Terminado el ágape, retiróse el criado después de encender dos velas, y Bellarión, tomando un tono solemne, sorprendió a Barbaresco al decir:
—Tenemos que hablar, vos y yo, caballero. Ya os he dicho que la princesa no enviaba respuesta a vuestro mensaje, como es la verdad, pero no os he dicho que ella os envía uno, en respuesta a ciertas sospechas que le comuniqué.

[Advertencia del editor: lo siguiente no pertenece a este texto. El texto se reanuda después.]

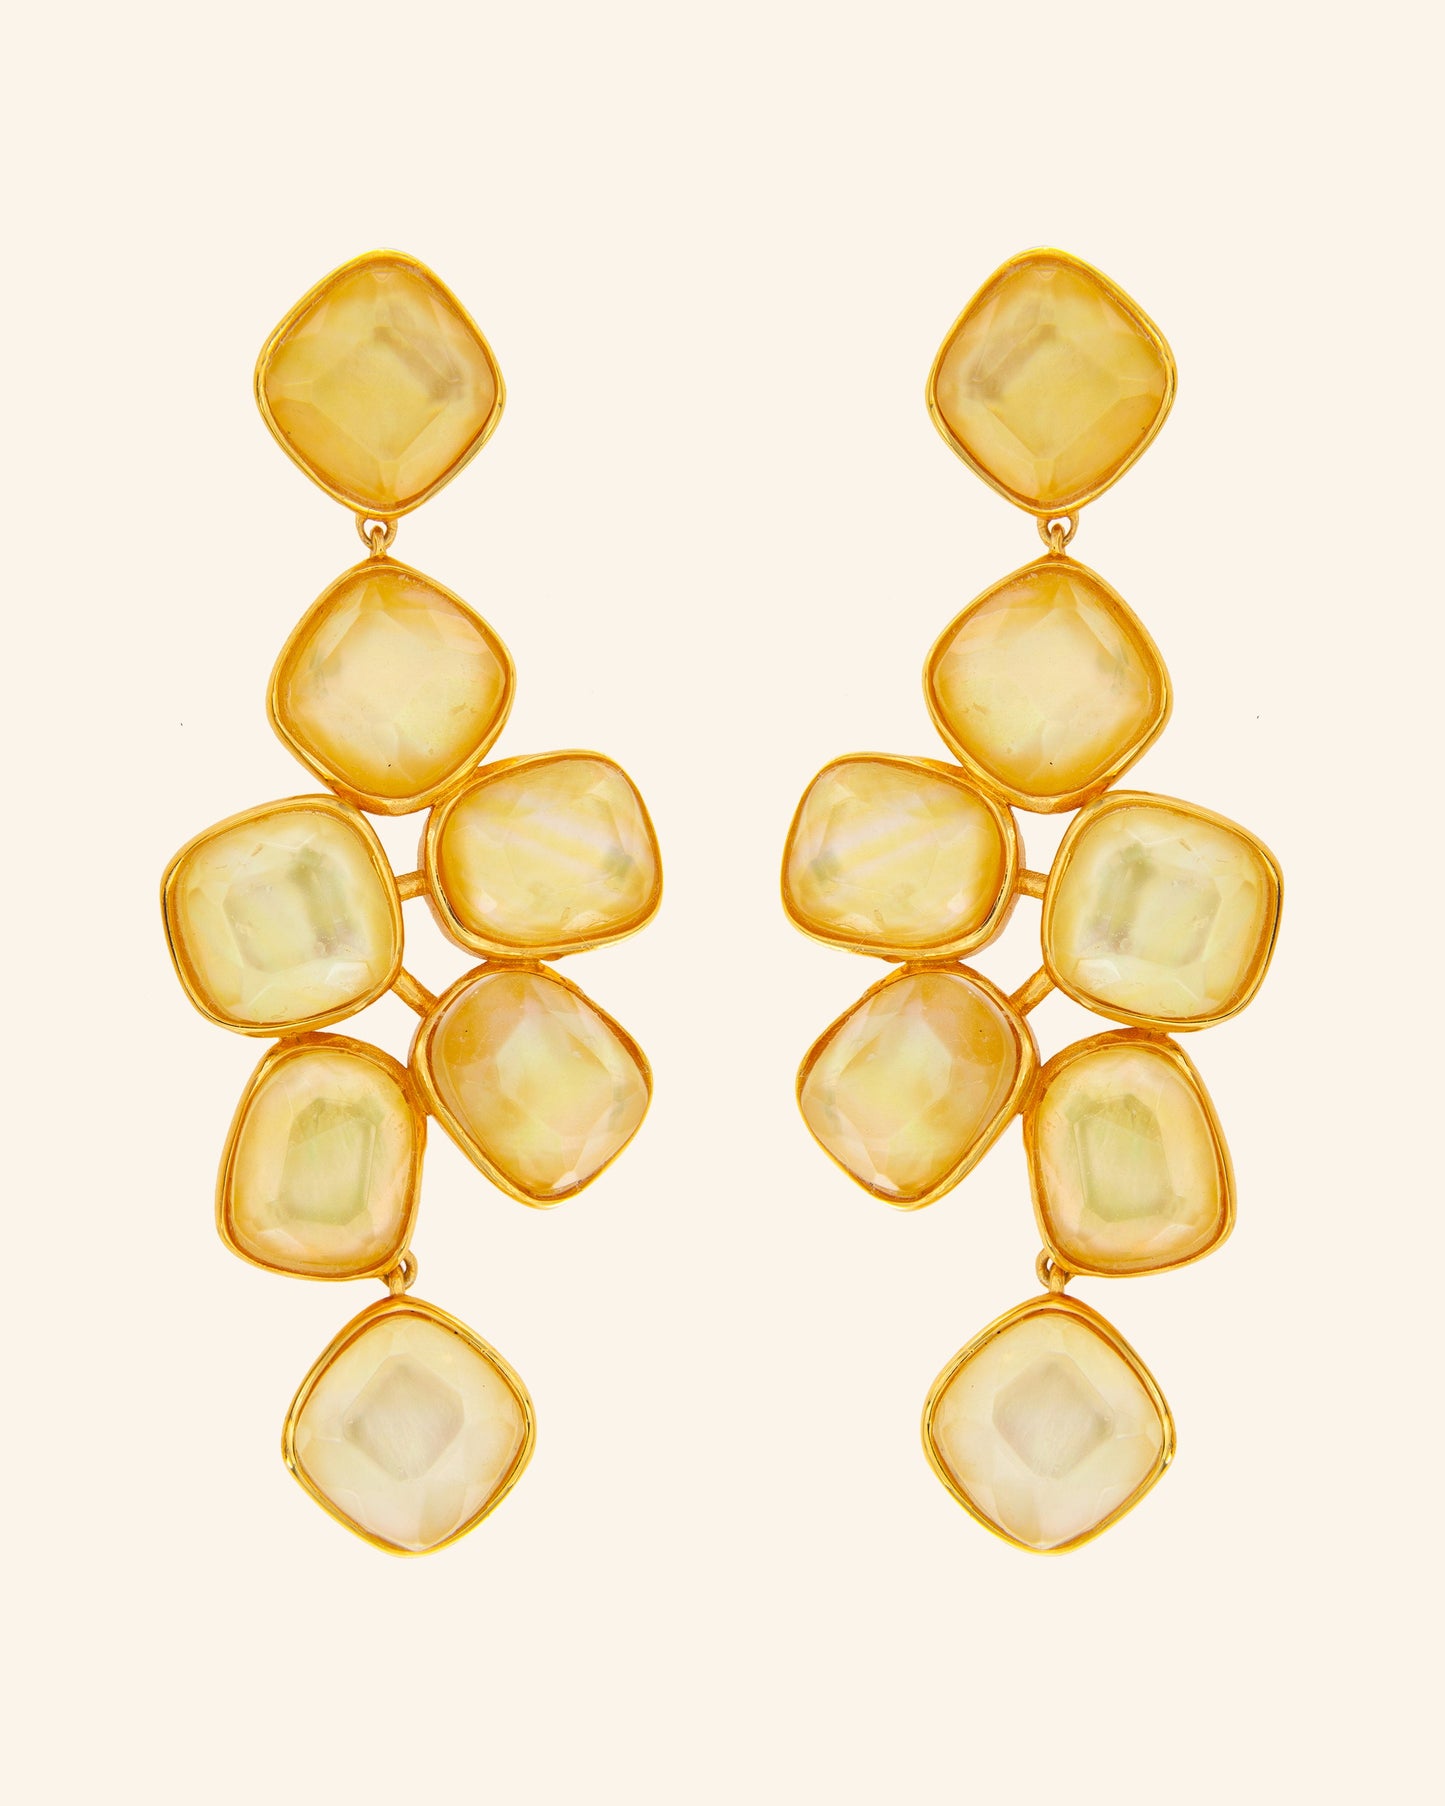 Golden Mother of Pearl Hydra Earrings
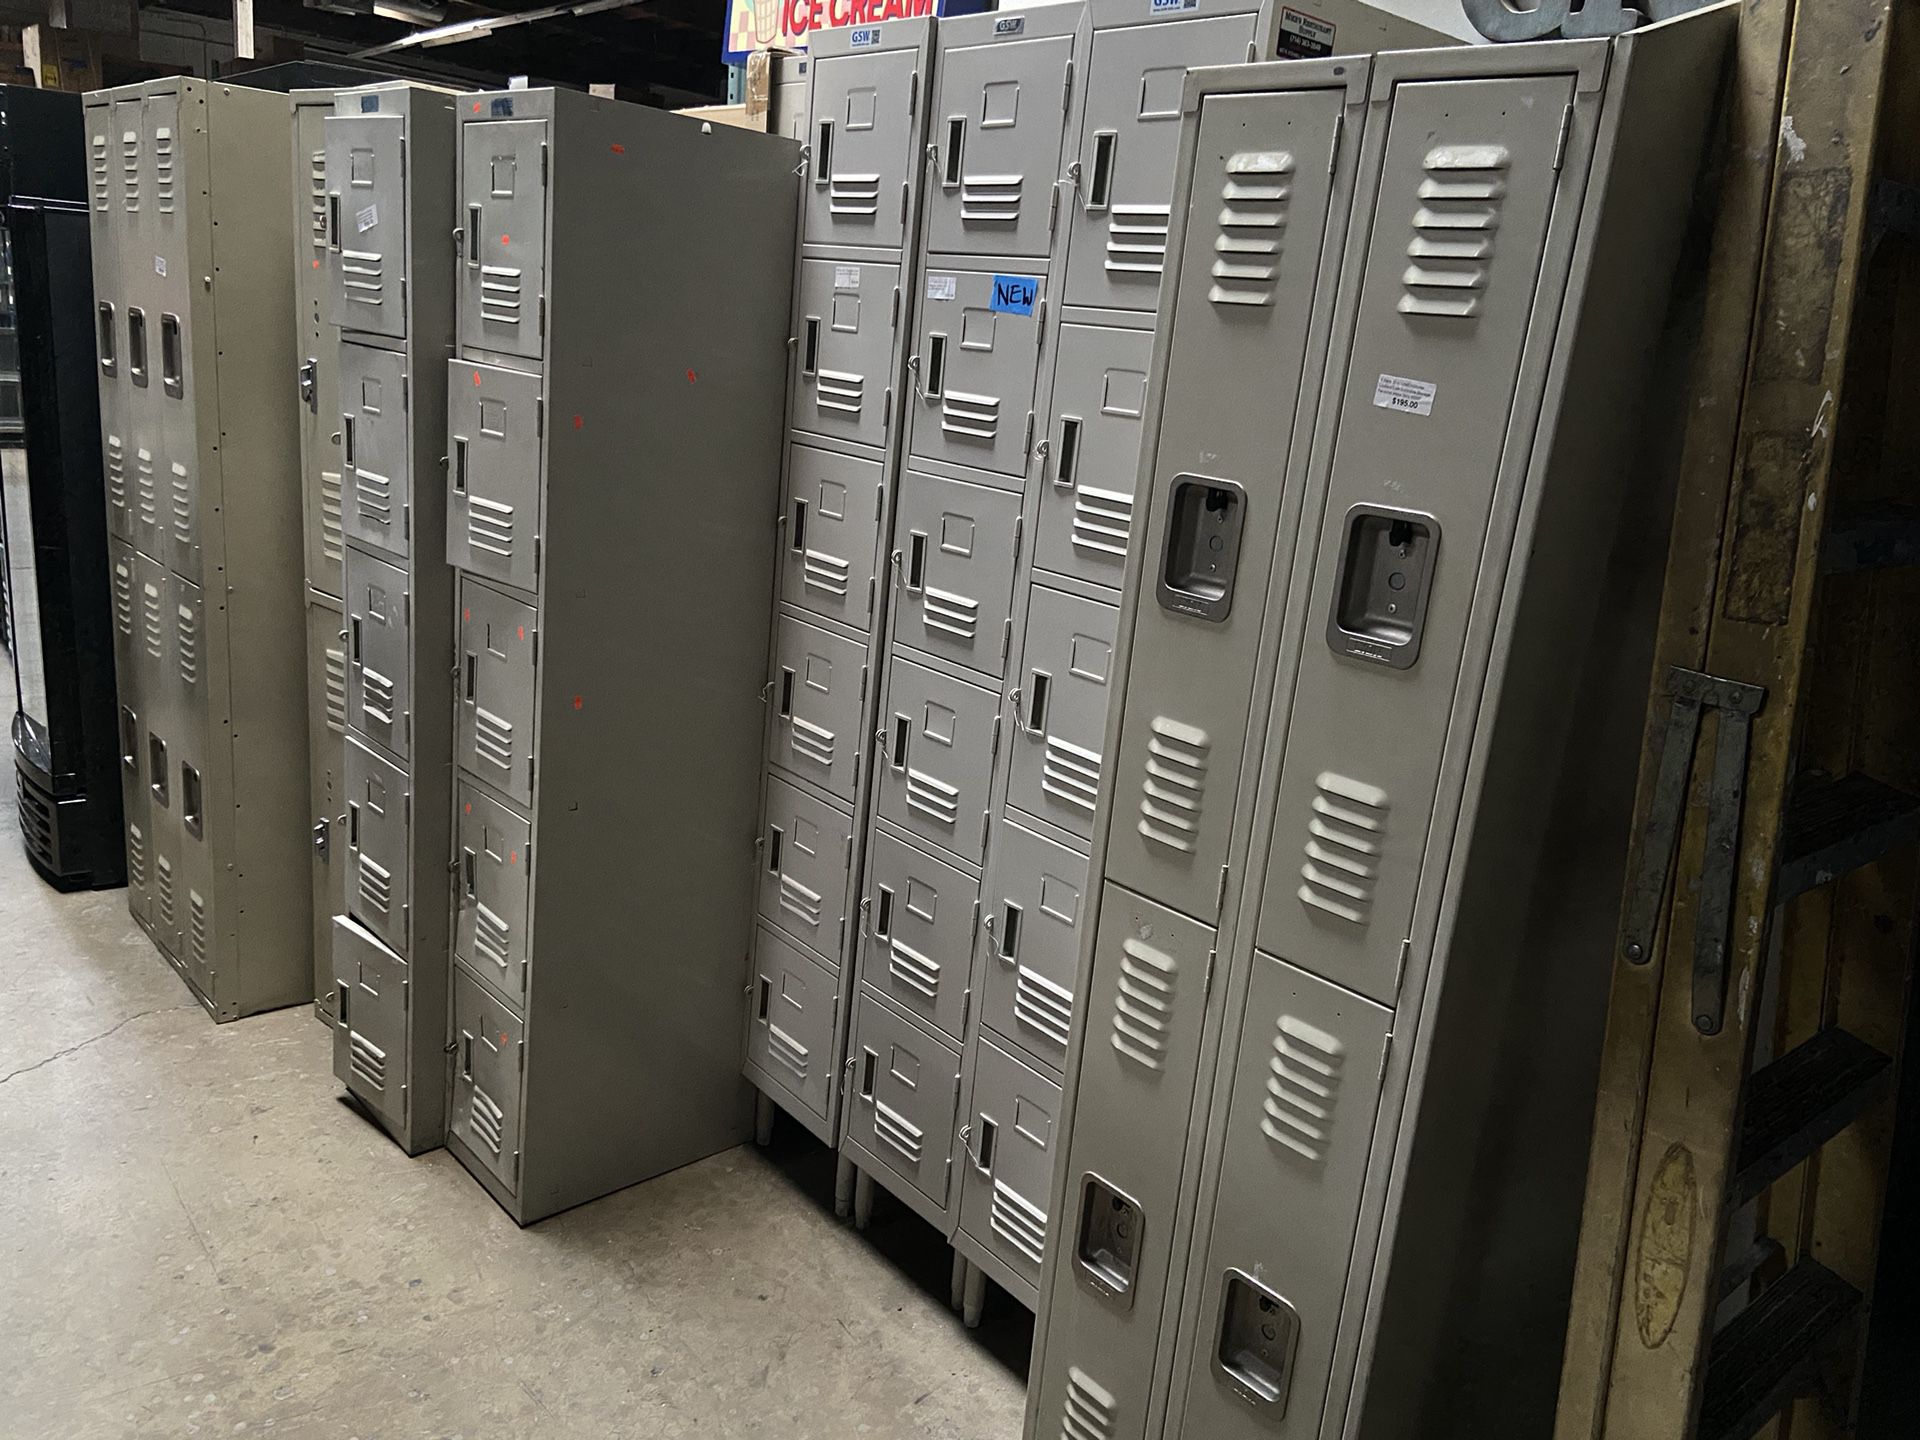 2 4 5 6 8 Slot Employee Lockers Storage Start At $75 Compartment Units Personal Lockable Metal Restaurant Retail Garage Office

Barbaresco le miraba con boca y ojos abiertos. Necesitó una pausa para preguntar:
—¿Por qué no me lo habéis dicho antes?
—He preferido esperar, por el temor de quedarme sin cena. Era de suponer que os ofendierais por haber comunicado yo mis sospechas a su Alteza. Pero la pobre señora estaba tan deprimida por vuestra inacción, que yo, por animarla, me atreví a expresar la opinión de que tal vez no erais tan apáticos como aparentabais ser.
Por muy conventual que hubiera sido la educación de nuestro héroe, no parecía que le hubieran inculcado el respeto a la estricta verdad. Tenía un don especial para el disimulo, y si se le hubiera hecho ese cargo, habría contestado, sin duda, que Platón le enseñó a distinguir entre la mentira de los labios y la del corazón.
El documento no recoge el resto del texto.